Croy R R, Gatehouse J A, Tyler M, Boulter D
Biochem J. 1980 Nov 1;191(2):509-16. doi: 10.1042/bj1910509.
A third storage protein, distinct from legumin and vicilin, has been purified from the seeds of pea (Pisum sativum L.). This protein has been named 'convicilin' and is present in protein bodies isolated from pea seeds. Convicilin has a subunit mol.wt. of 71 000 and a mol.wt. in its native form of 290 000. Convicilin is antigenically dissimilar to legumin, but gives a reaction of identity with vicilin when tested against antibodies raised against both proteins. However, convicilin contains no vicilin subunits and may be clearly separated from vicilin by non-dissociating techniques. Unlike vicilin, convicilin does not interact with concanavalin A, and contains insignificant amounts of carbohydrates. Limited heterogeneity, as shown by isoelectric focusing, N-terminal analysis, and CNBr cleavage, is present in convicilin isolated from a single pea variety; genetic variation of the protein between pea lines has also been observed.

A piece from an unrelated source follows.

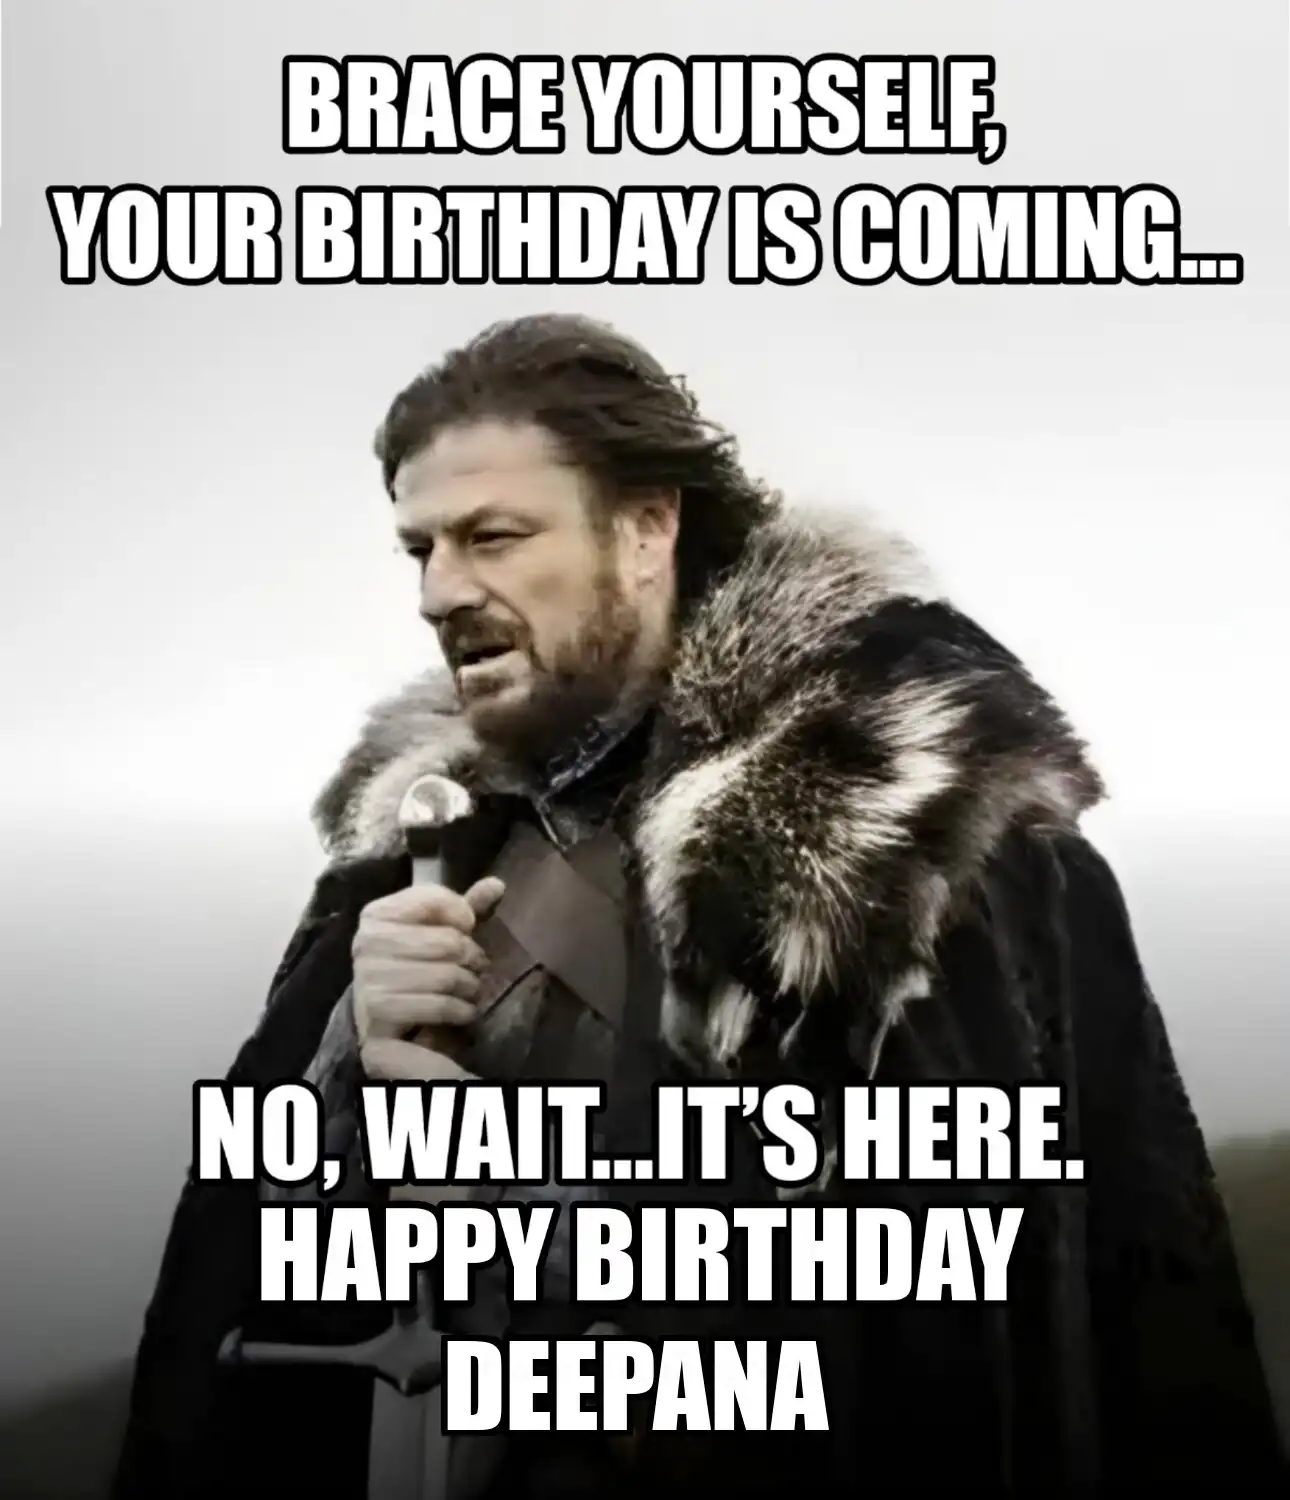 Happy Birthday Deepana Brace Yourself Your Birthday Is Coming Meme

从豌豆(Pisum sativum L.)种子中已纯化出第三种贮藏蛋白,它不同于豆球蛋白和豌豆球蛋白。这种蛋白被命名为“伴豌豆球蛋白”,存在于从豌豆种子中分离出的蛋白体中。伴豌豆球蛋白的亚基分子量为71000,其天然形式的分子量为290000。伴豌豆球蛋白与豆球蛋白在抗原性上不同,但在用针对这两种蛋白产生的抗体进行检测时,与豌豆球蛋白有同一性反应。然而,伴豌豆球蛋白不含豌豆球蛋白亚基,并且可以通过非解离技术与豌豆球蛋白清楚地分离。与豌豆球蛋白不同,伴豌豆球蛋白不与伴刀豆球蛋白A相互作用,并且含有的碳水化合物量极少。从单一豌豆品种中分离出的伴豌豆球蛋白存在有限的异质性,如通过等电聚焦、N端分析和溴化氰裂解所显示的;在豌豆品系之间也观察到了该蛋白的遗传变异。